2. You’ve worked on several other projects, but this particular kind of filmmaking seems like a first-time experience for you. Were there any influences you drew from?

When I first started out, my films were generally surrealist in nature. I later drifted towards producing and documentary filmmaking for a few years but wanted to return to form with Winterlude, so imagine having a lot of pent-up ideas floating about for a while.

I’ve always been drawn to Akira Yamaoka’s industrial-ambient scores and how he is able to romanticize redundant mechanical noises. In addition, I was inspired early on by Buñuel/Dali’s Un Chien Andalou (1929) and the short films of David Lynch, particularly The Grandmother (1970) and The Alphabet (1968).

3. Your IndieGoGo campaign suggested Dundee and Shebyogan as filming locations, and you shoot a lot of scenes of outside. What made you decide to use open spaces in a story that can feel pretty claustrophobic?

The film is a reflection of personal entrapment and the desire to escape our aggressive surroundings: more directly, feeling trapped in my hole of an apartment and the personally brutal winter I was experiencing at the time. That said, the physical and abstract spaces reflect what we have, where we are and where we want to be. I chose the wilderness because it’s free, vast and brimming with life — a blunt contrast to the other spaces.

4. You have a pair of great actors that say a lot without speaking, but the sound is such an important element in establishing the atmosphere. Hollowed out noises, spacey synth textures, Cell the Rain Machine’s original score. How did you direct your actors knowing so much would be added in post?

The music and sounds were, for the most part, completed before principle photography. I did a lot of experimentation beforehand, mixing the sounds with the images, so much so that some of the pre-planned shots were either altered or removed entirely while on set based on the structure of the sounds and what I could do with them. I wanted to construct the soundscape entirely around the flow of images. In addition to the original score, there was one small piece of material by ambient artist Locust Toybox.

When filming with the actors, I don’t think I ever did on-set sound recording.
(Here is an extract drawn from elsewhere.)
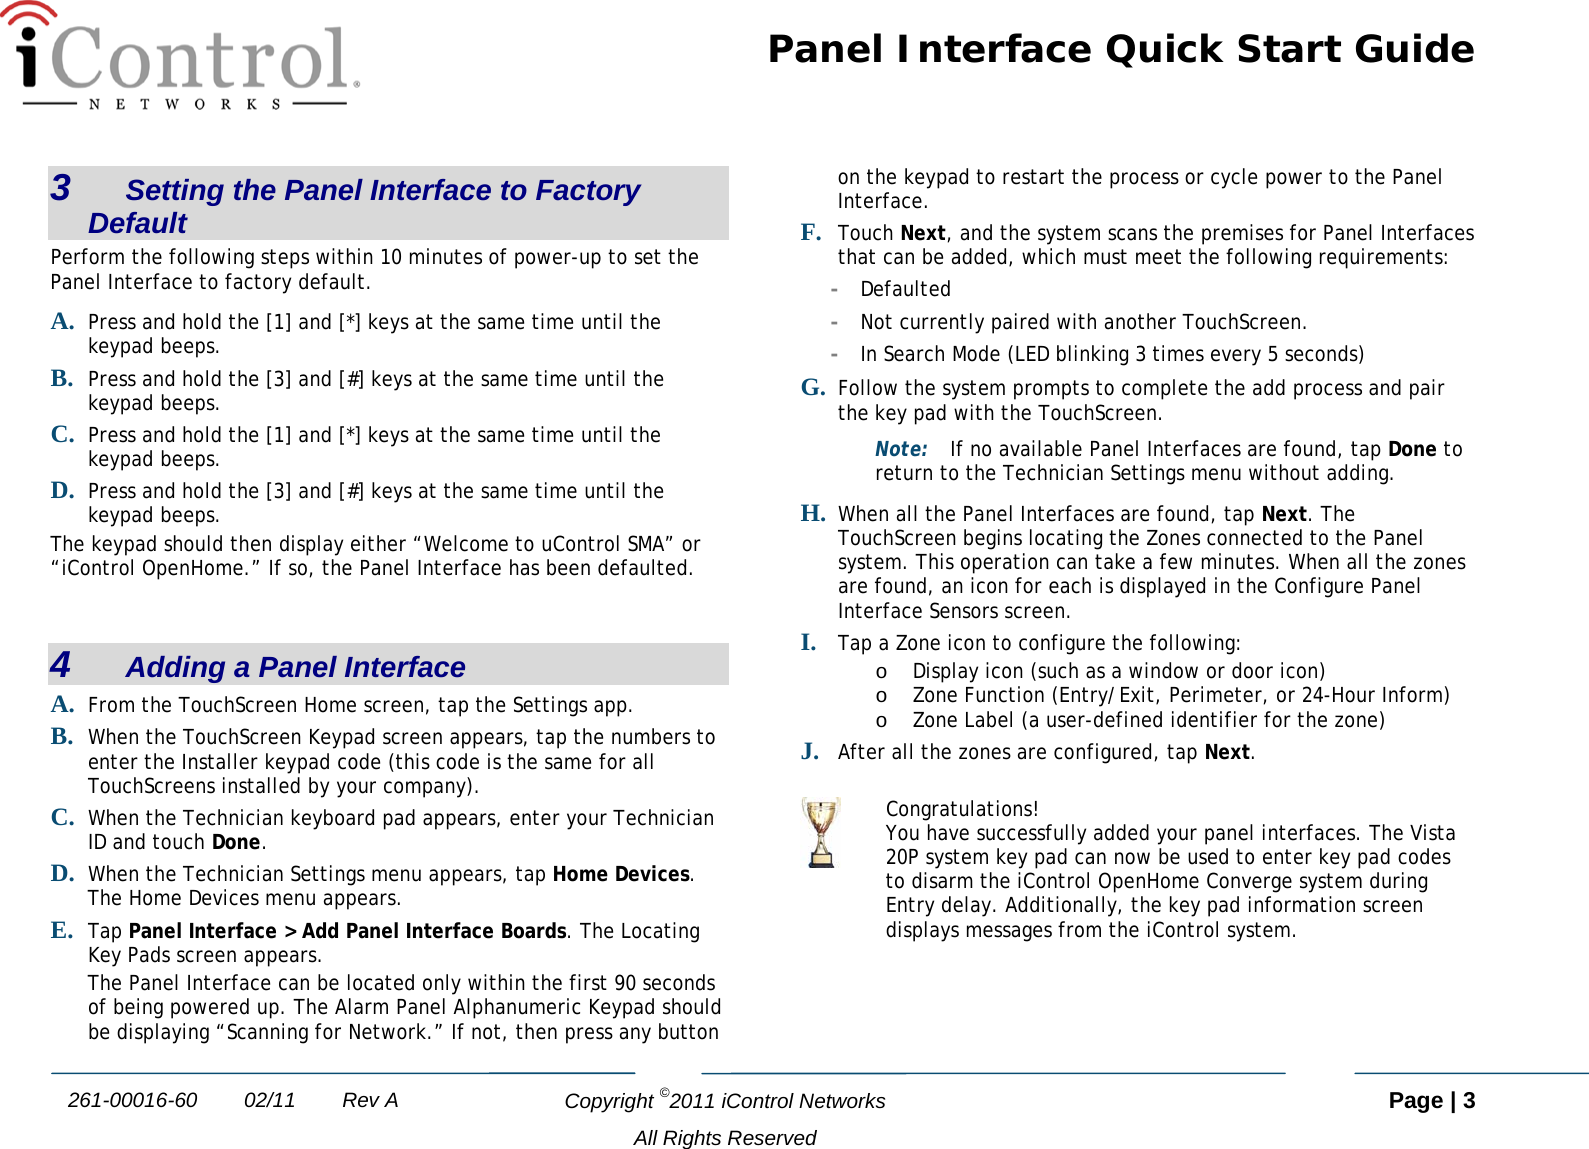 Panel Interface Quick Start Guide   Copyright ©2011 iControl Networks   Page | 3  All Rights Reserved 261-00016-60        02/11        Rev A 3   Setting the Panel Interface to Factory Default Perform the following steps within 10 minutes of power-up to set the Panel Interface to factory default. A. Press and hold the [1] and [*] keys at the same time until the keypad beeps. B. Press and hold the [3] and [#] keys at the same time until the keypad beeps. C. Press and hold the [1] and [*] keys at the same time until the keypad beeps. D. Press and hold the [3] and [#] keys at the same time until the keypad beeps. The keypad should then display either “Welcome to uControl SMA” or “iControl OpenHome.” If so, the Panel Interface has been defaulted.  4   Adding a Panel Interface A. From the TouchScreen Home screen, tap the Settings app. B. When the TouchScreen Keypad screen appears, tap the numbers to enter the Installer keypad code (this code is the same for all TouchScreens installed by your company). C. When the Technician keyboard pad appears, enter your Technician ID and touch Done. D. When the Technician Settings menu appears, tap Home Devices. The Home Devices menu appears. E. Tap Panel Interface &gt; Add Panel Interface Boards. The Locating Key Pads screen appears. The Panel Interface can be located only within the first 90 seconds of being powered up. The Alarm Panel Alphanumeric Keypad should be displaying “Scanning for Network.” If not, then press any button on the keypad to restart the process or cycle power to the Panel Interface.  F. Touch Next, and the system scans the premises for Panel Interfaces that can be added, which must meet the following requirements: -  Defaulted -  Not currently paired with another TouchScreen. -  In Search Mode (LED blinking 3 times every 5 seconds) G. Follow the system prompts to complete the add process and pair the key pad with the TouchScreen. Note: If no available Panel Interfaces are found, tap Done to return to the Technician Settings menu without adding.  H. When all the Panel Interfaces are found, tap Next. The TouchScreen begins locating the Zones connected to the Panel system. This operation can take a few minutes. When all the zones are found, an icon for each is displayed in the Configure Panel Interface Sensors screen. I. Tap a Zone icon to configure the following: o Display icon (such as a window or door icon) o Zone Function (Entry/Exit, Perimeter, or 24-Hour Inform) o Zone Label (a user-defined identifier for the zone) J. After all the zones are configured, tap Next.   Congratulations! You have successfully added your panel interfaces. The Vista 20P system key pad can now be used to enter key pad codes to disarm the iControl OpenHome Converge system during Entry delay. Additionally, the key pad information screen displays messages from the iControl system.

To help maintain the mood and spirits, I played music while shooting or between takes — a mixture of The Walker Brothers, Bobby Vinton, Franki Valli and the original score. Nothing strictly abstract, but enough to balance tone. When directing the actors, I would talk it over and then walk them through the scene. I wanted their performances to reflect their surroundings, so to seem otherworldly and detached when standing in abstractness.

5. There’s an embrace of seasonal changes and the inevitability of “death” that comes with fall and winter. And Winterlude arrives at a kind of peace with this, albeit a slightly twisted one. Or am I way off base here?
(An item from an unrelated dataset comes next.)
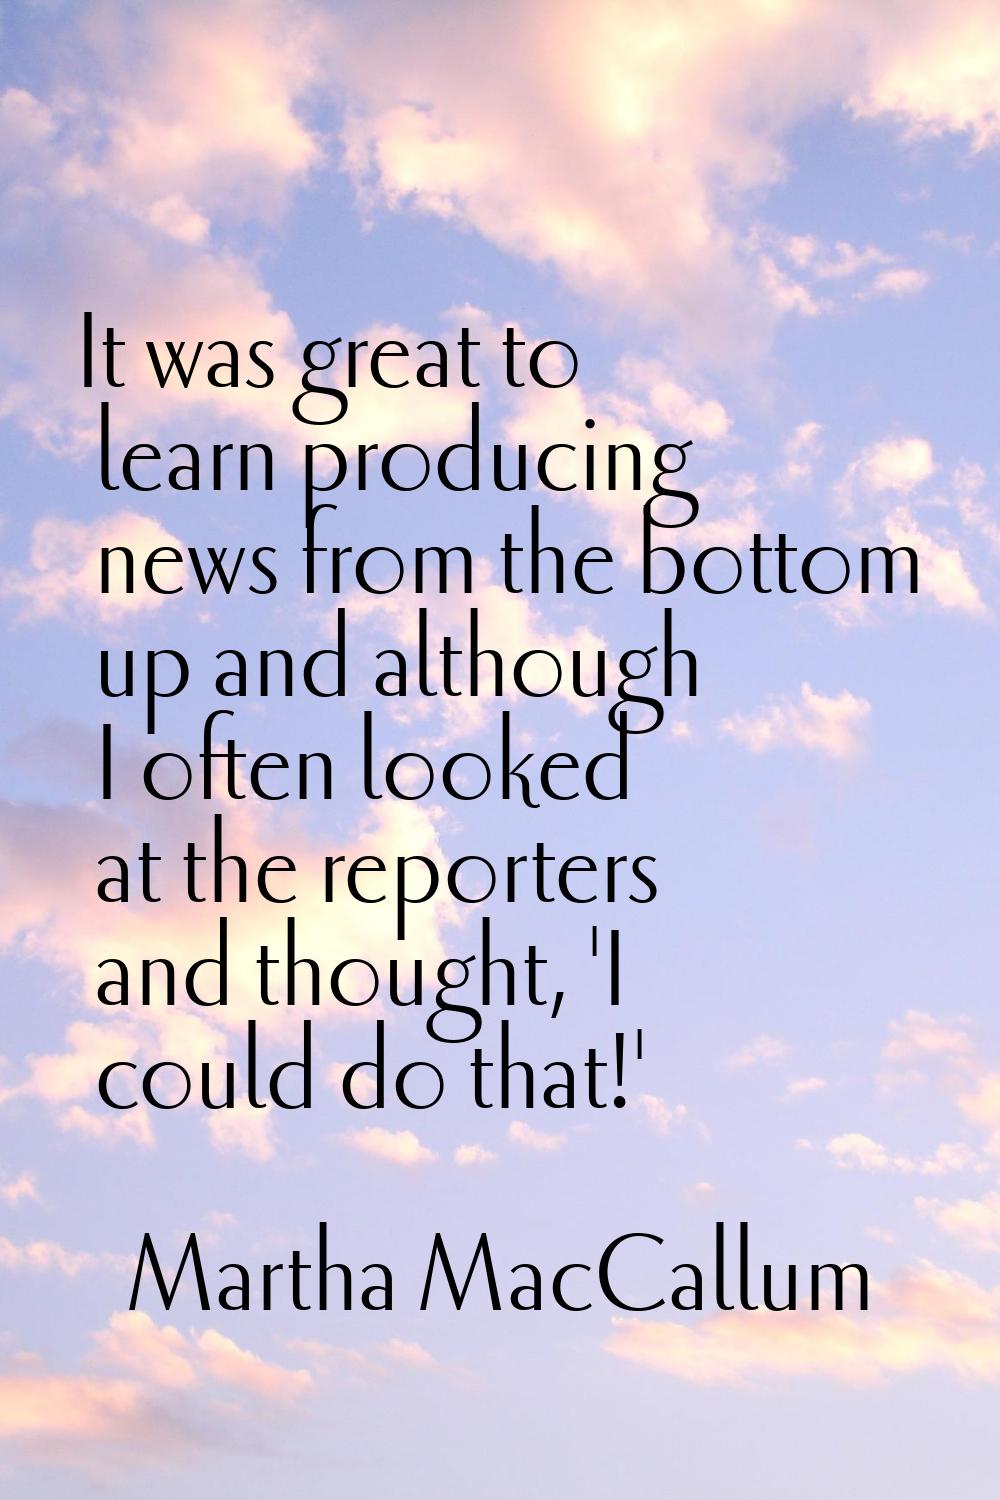 It was great to learn producing news from the bottom up and although I often looked at the reporter

I think you’re right on track, not just on finality but also about the parabolic nature of things. The title is inspired by this idea that most things we struggle through in life tend to reset themselves in some way by the winter, and that maybe we experience this phenomenon perpetually, especially if you consider the apocalyptic definition to be “to begin anew.”

  • Winterlude screens before Sundance winner The Russian Woodpecker on Tues Apr 14 at 6:30p and Wed Apr 15 at 4:15p. Tickets for both shows are “rush only.”